強盗に遭い、命の危機も経験したけれど

世界を歩き続けることは「瞑想」だった──7年間の冒険で得た学びとは

 

ガーディアン(英国)

Text by Simon Hattenstone

 

 

トム・ターシッチは行き詰まっていた。だがある日、高校でクラスメイトたちと観た、映画『いまを生きる』(1989)が運命を変えた。

ロビン・ウィリアムズ扮する英語教師ジョン・キーティングが、文学への愛を通じて生徒らに大切な気づきを授ける作品だ。キーティングの「今日を生きろ(カルペ・ディエム)。毎日を楽しみ、君らの人生をかけがえのないものにしろ」というメッセージが、劇中の生徒らに多大な影響を与える。そしてターシッチもまた、非常に刺激を受けた。

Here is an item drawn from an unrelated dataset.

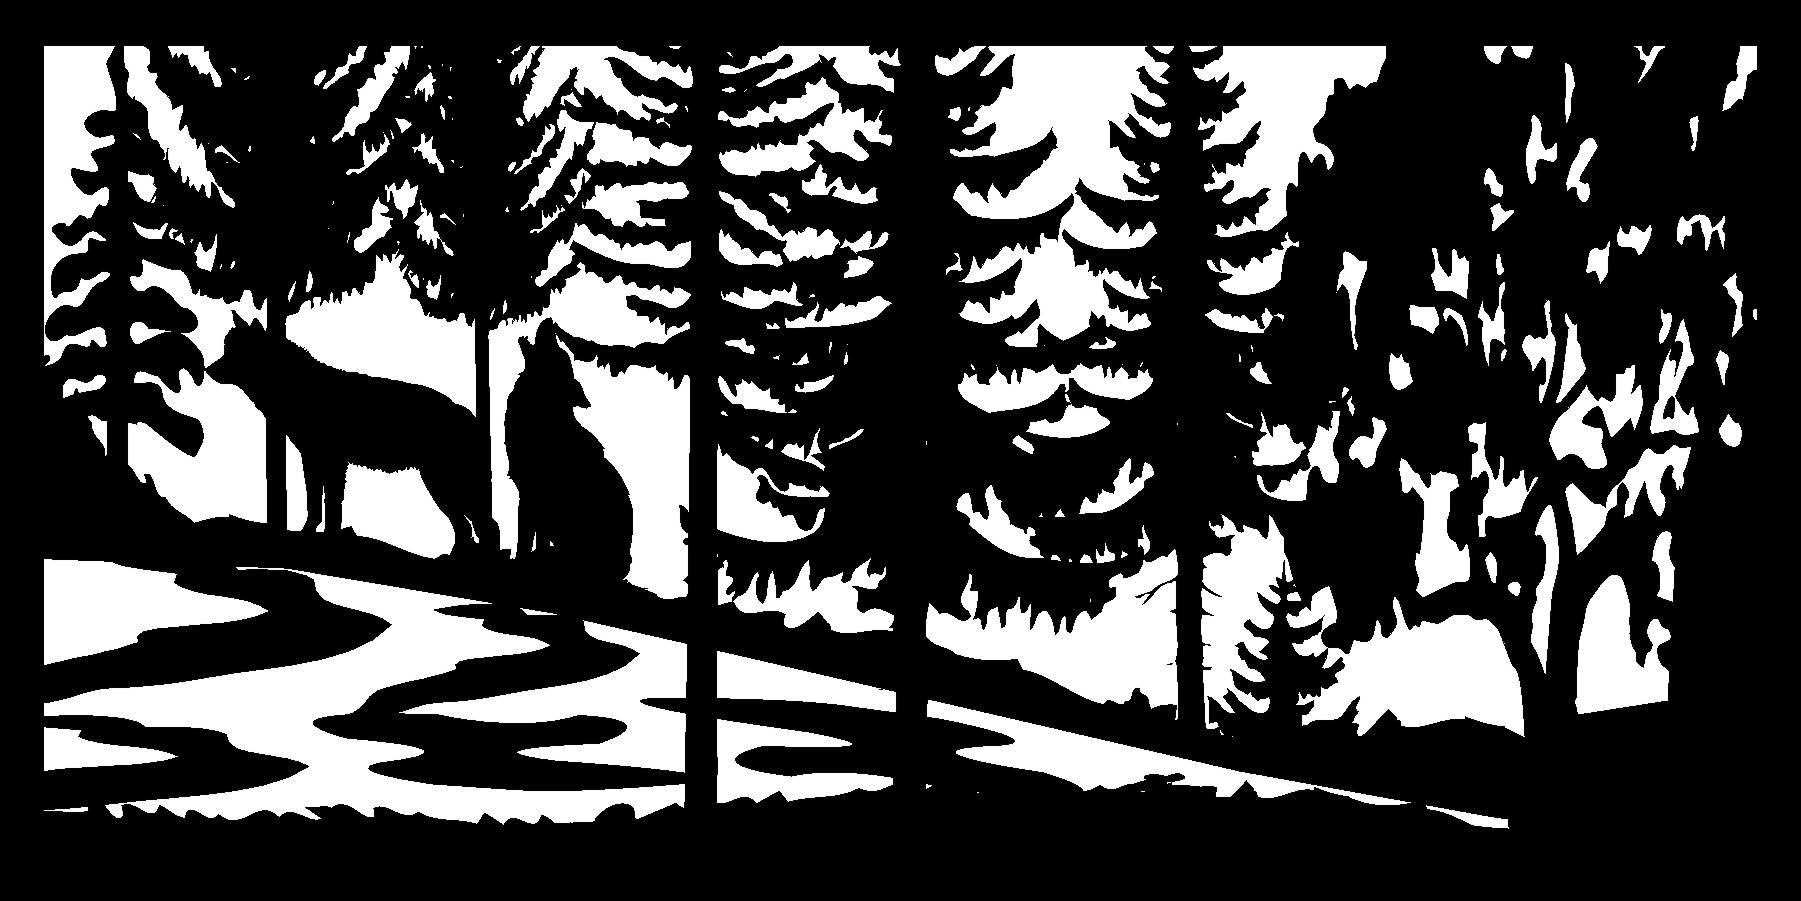 30 X 60 Two Wolves River B Plasma Metal Art DXF File

彼は、この映画を繰り返し観た。今日を生きて、人生をかけがえのないものにするにはどうすることがベストなのかと自問した。そうして、「自分の未来はなるようにしかならないのではない。自分で切り拓くことができるもの」という思いに行き着いたのだ

 

 

それからは、ひたすら行動に移した。高校の水泳チーム代表として優勝し、舞台に出演し、中断していたテニスを始めて校内チャンピオンとなった。その間ずっと、亡くなった友人のアン・マリー・リンチのイニシャル「AML」と掘られた青いブレスレットを身につけていた。

ターシッチが本当に受け身な自分の殻を破った瞬間は、ガールフレンドのブリトニーと(ぎこちない)デートを3回したあと、初めてキスしたときに訪れた。そのキスは、一種の啓示だった。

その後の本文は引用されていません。